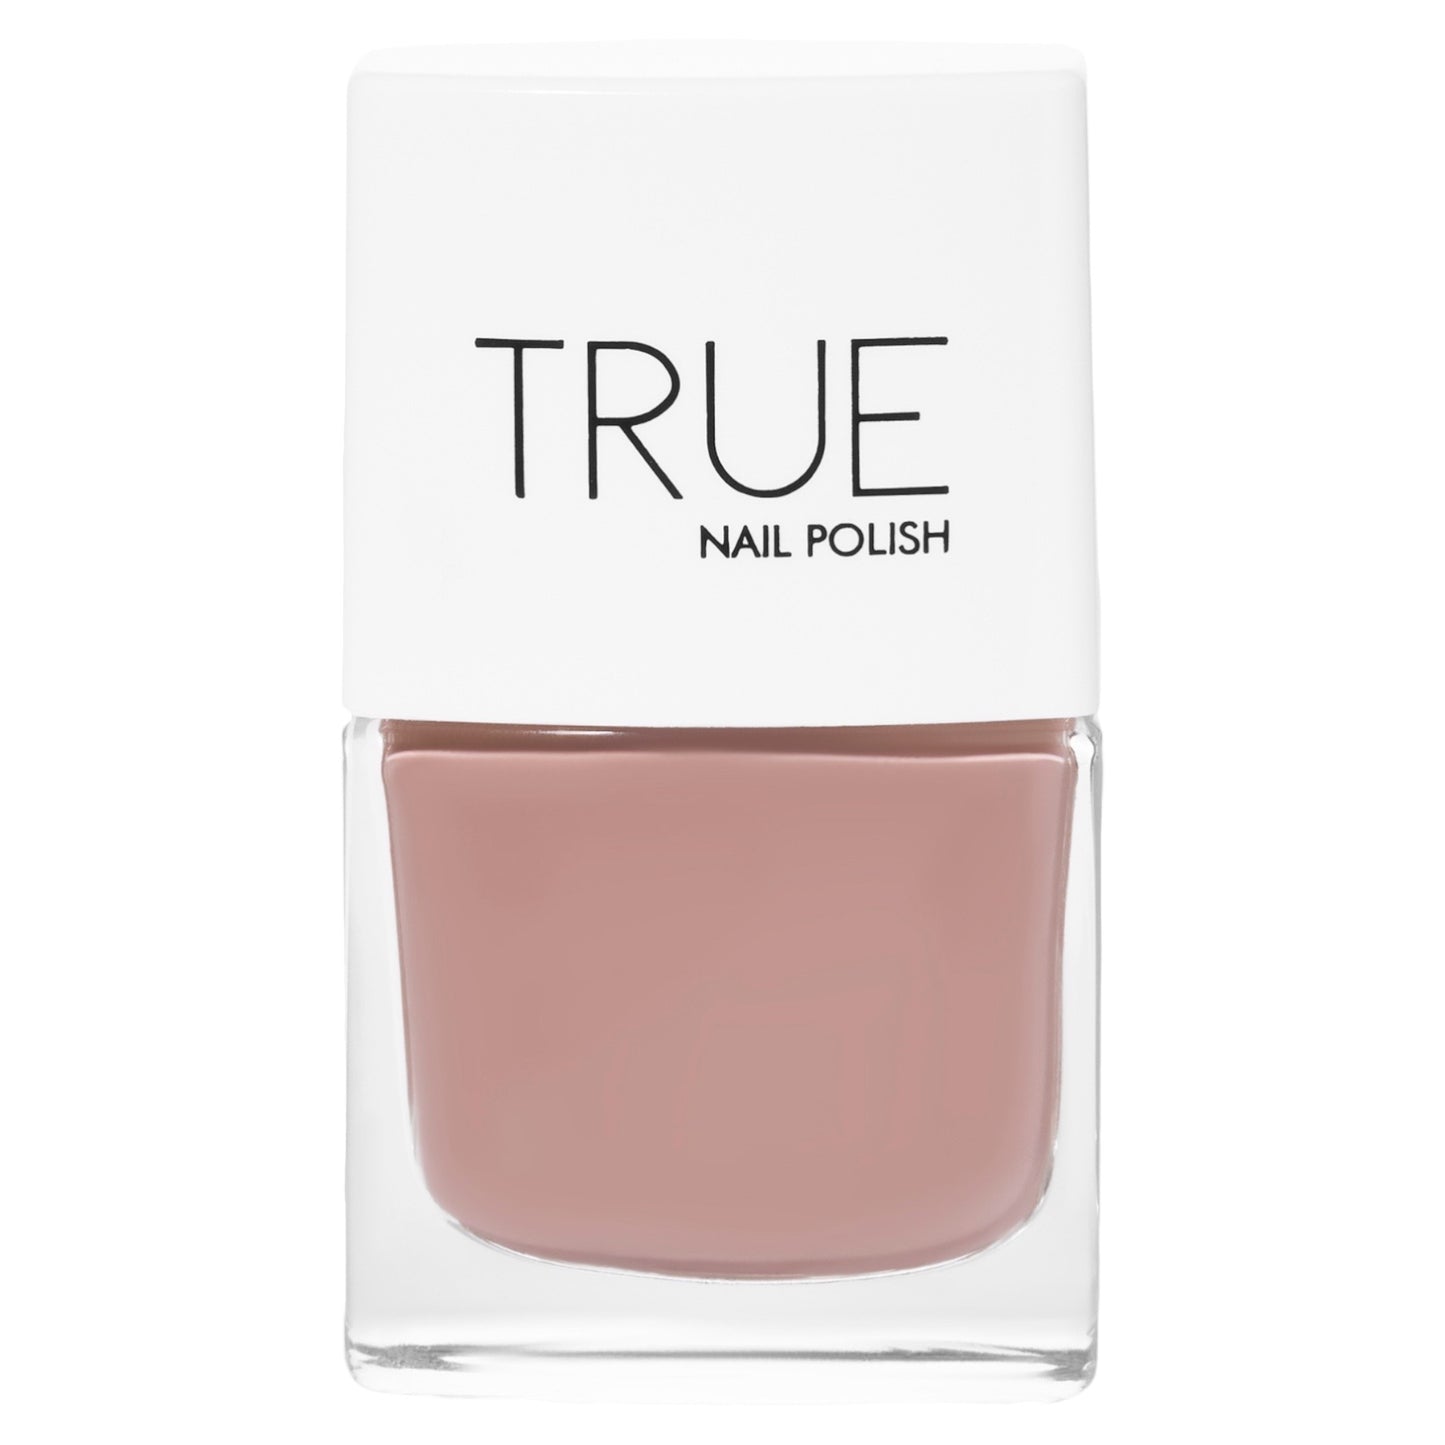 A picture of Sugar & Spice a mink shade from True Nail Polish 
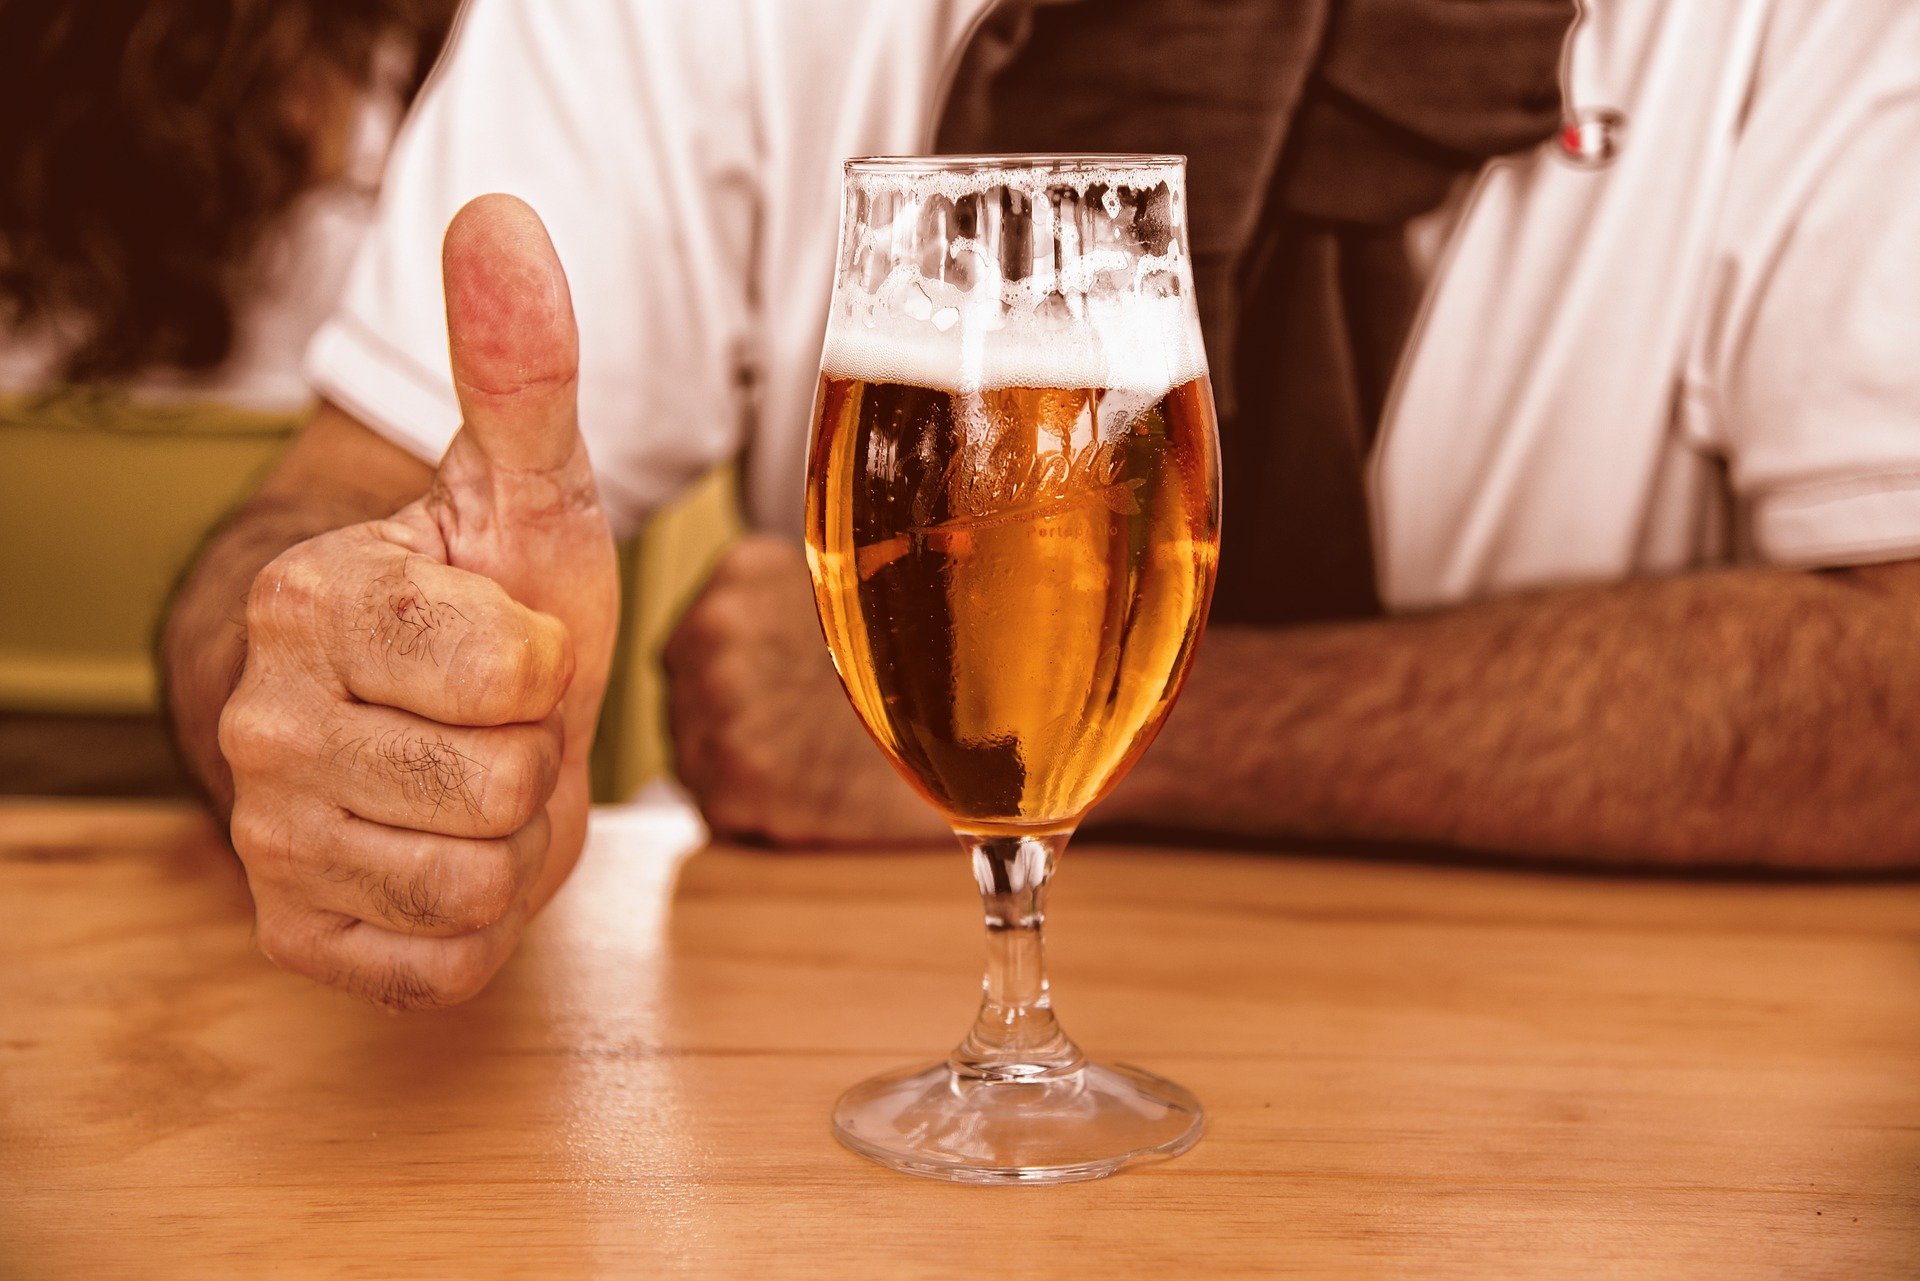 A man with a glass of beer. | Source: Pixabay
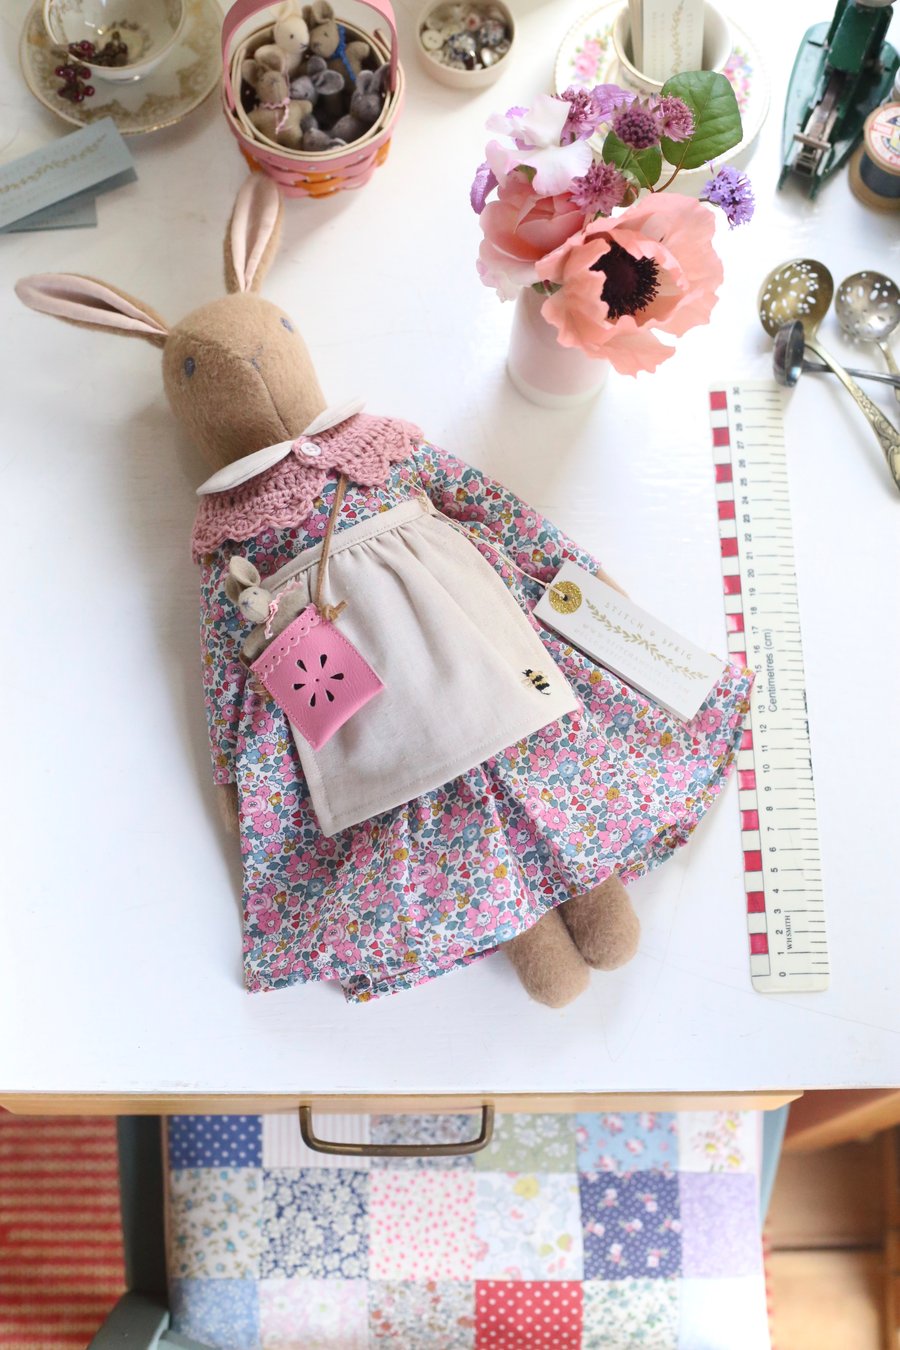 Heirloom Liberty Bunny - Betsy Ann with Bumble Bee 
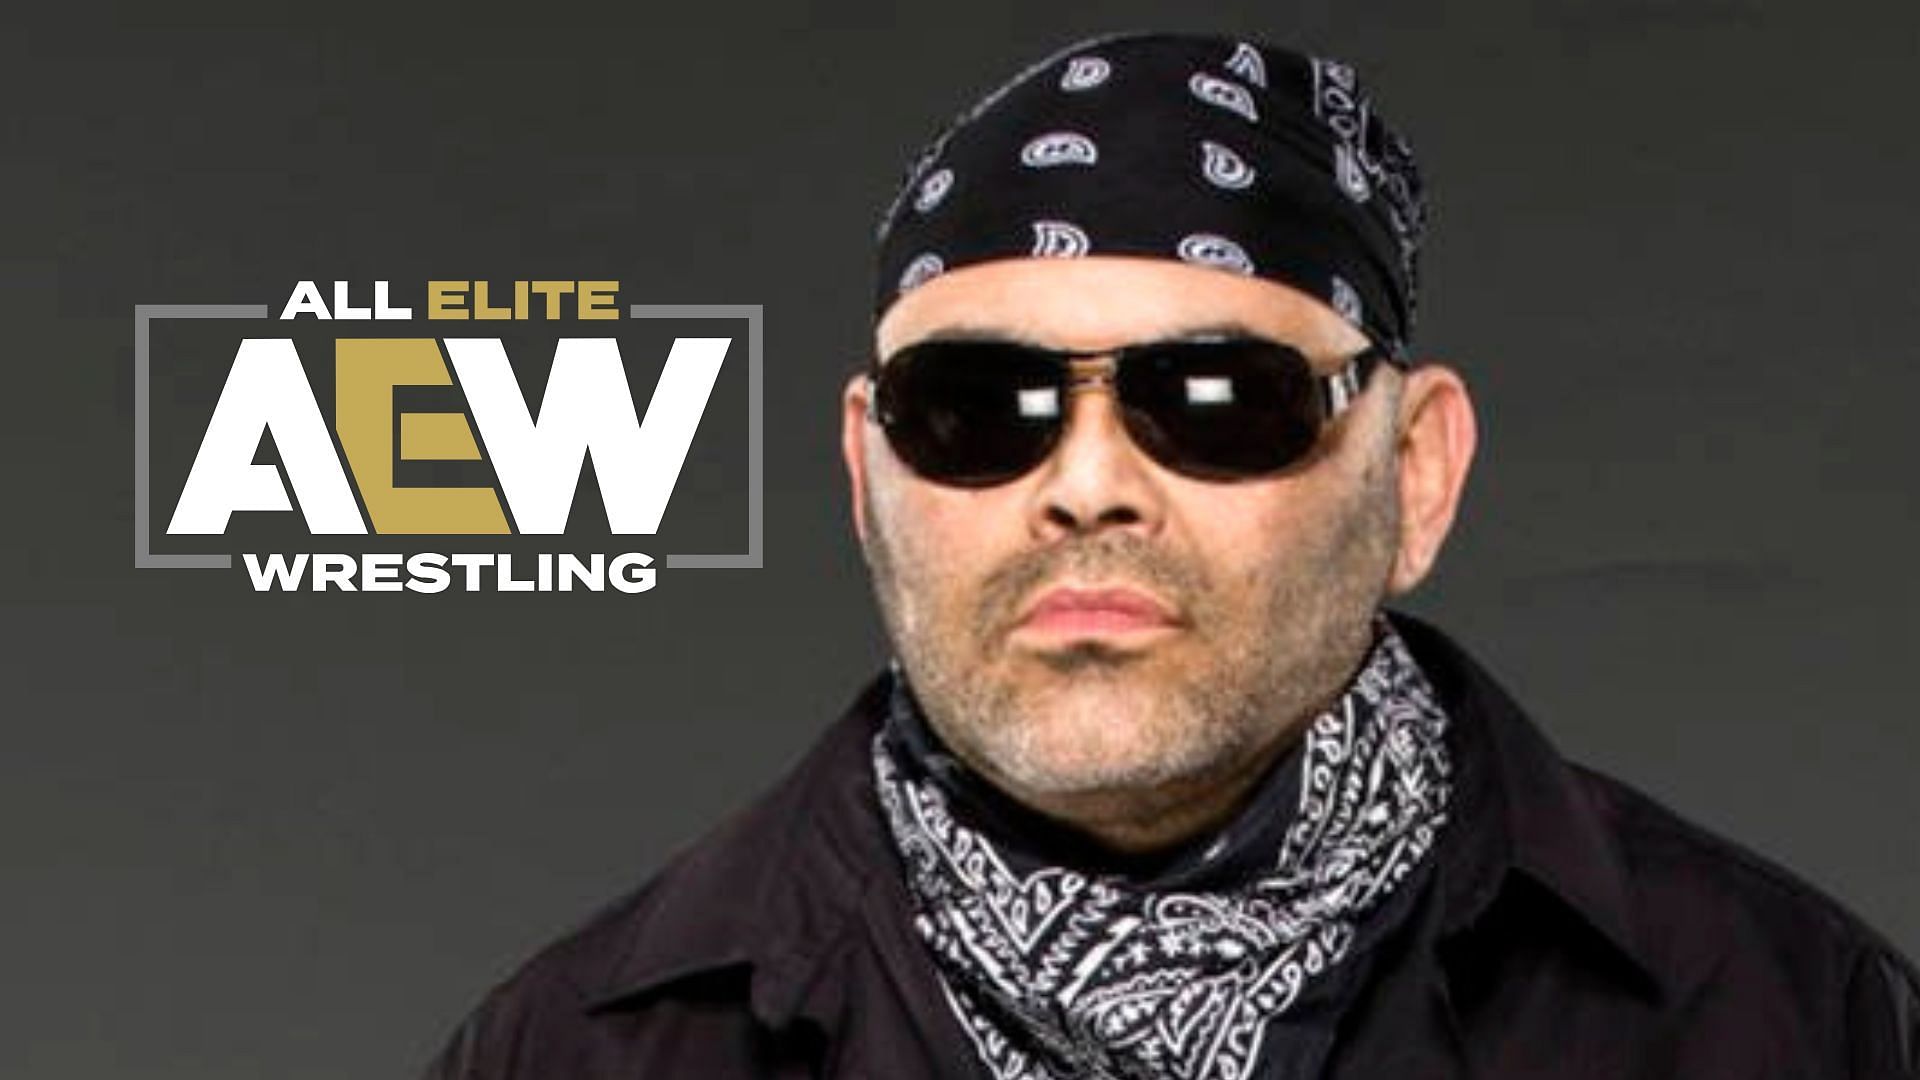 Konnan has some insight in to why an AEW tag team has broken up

•••

Action item: Take the line that holds "A man with a" as the start and the last line of the data as the end. Copy only those lines exactly, both ends included, except the pictures.

Answer section:
 A man with a glass of beer. | Source: Pixabay
 Heirloom Liberty Bunny - Betsy Ann with Bumble Bee 
 Konnan has some insight in to why an AEW tag team has broken up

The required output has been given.